The CDC recently released their latest findings which state that autism is now found in 1 out of 88 children in the United States. This can be further divided into boys (1 in 54) and girls (1 in 252).
The risks increases if you already have a child with autism. That is to say, if you have one child with autism, the chances of your next child also having autism is 19%. If you have two children with autism, the risk of having another is 32%. This presents some big concerns for people that are considering having children…or more children.
Now that I’ve told you all of that, I want you forget you ever heard it.
Ever Lasting Risks
Whether or not there really are more cases of autism now than ever before (yes, it is open to some debate), the fact of the matter is that there have always been risks with having children. Some children are still born, some have cancer, some have down syndrome, some have autism…the truth is, tragically, that there is quite the long list of very unfortunate risks in having children. This is all starting to sound quite depressing but the truth is, that’s reality. There’s always been risk. There always will be risk. There’s also risk when you cross the street, fly in a plane, meet someone new, try something new, fall in love…you get the idea. Sometimes, the biggest risks bring about the biggest rewards.
The Risks are Worth It
Creating a new life is a big responsibility, whether they are special needs or not. It’s huge. And yes, there are risks. But ultimately, you can’t decide to create or not create life based on the risks. You create a new life because it’s the right thing to do. Because there’s a life to be made, between you and the one you love. To be with the little ones you’ve already created. To love and be loved. I mean, think about it…how many beautiful, wonderful souls has the world lost before they were even given the chance to be…because of people who were too afraid of the numbers to even try?
I’m not dismissing the fact that raising an autistic child into and through adult-hood can cost a lot, more than a lot, and can be a huge burden on a family. This is very true and a part of the risk. Still though, even if that was to happen, that doesn’t make the soul any less beautiful. That doesn’t make the person any less wonderful.
Let’s look at the flip side of these risks…Einstein was widely regarded to have autism. Same with Mozart, Tesla, Newton and more. The guy who holds the world record for remembering Pi to 25,000 places (Daniel Tammet), he has autism. The guy who can draw entire cities completely in full detail just from a 45 minute helicopter ride over it (Stephen Wiltshire), he has autism. The point is, risks or no risks, special needs or not, strengths or weaknesses…a life is beautiful, wonderful and priceless.

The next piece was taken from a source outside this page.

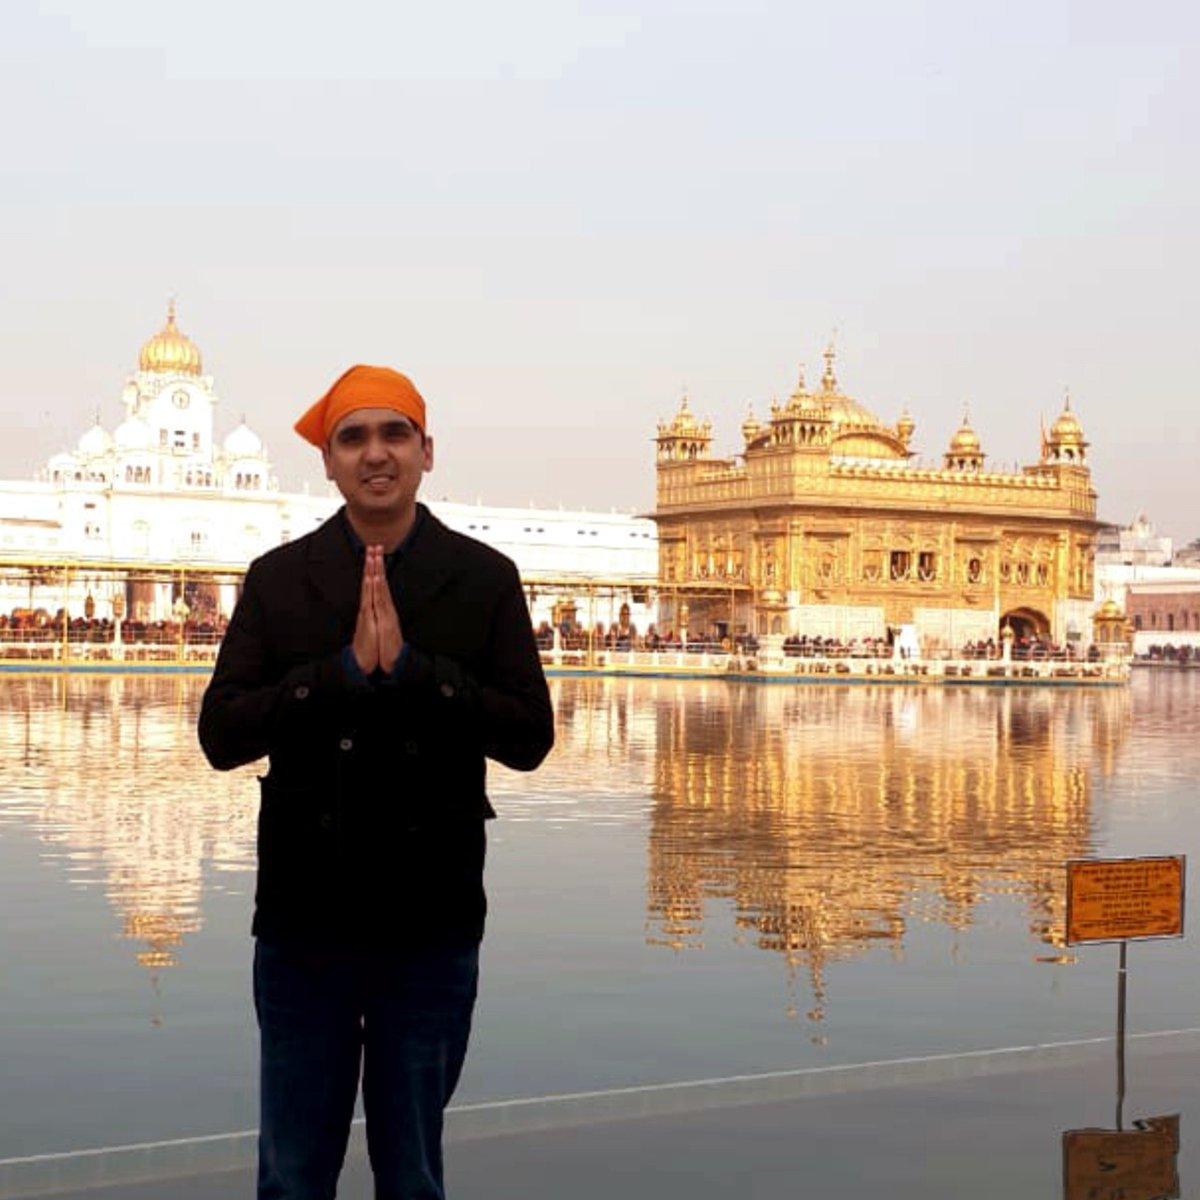 Seeking the blessings of the Almighty at Golden Temple, Amritsar. #goldentemple #goldentempleamritsar #harmandirsahib #goldentemple#waheguruji#networkmarketing #motivationalspeaker #friday #FridayMotivation  #entrepreneurlife #entrepreneurship #motivationfriday #princesainipic.twitter.com/DYHoVbT9FP

The Only Measure for Decision
There is only really one way to know whether or not you should have a child or another child and that is to decide how much more room in your heart you have to love that child. Money, time…even special needs, these things will be a struggle for any parent. Obviously it will be to varying degrees but it’s all a matter of perspective. One person who makes $1,000/month can struggle with money just as much as someone who makes $1,000,000/month. The same goes for time. You either learn time management or you don’t.
When my first child was diagnosed with autism, my wife and I still wanted a second child. We always new we’d have a family of four. We always knew that we didn’t want to have an “only child.” No, we didn’t dismiss the risks. We did consider the additional costs, additional struggles that having a second autistic child could have had. But it didn’t make the decision for us. To think about it, it is far more saddening to think of life without my second little boy than it is to think of what it would be like if he had autism, or any other special needs.
Both of my boys, with and without autism, are so beautiful and have such wonderful souls. The world would be missing something amazing if they were never born and we would be missing a lot of love in our lives. If the love is there, you will find a way to make the money, time, and struggles work.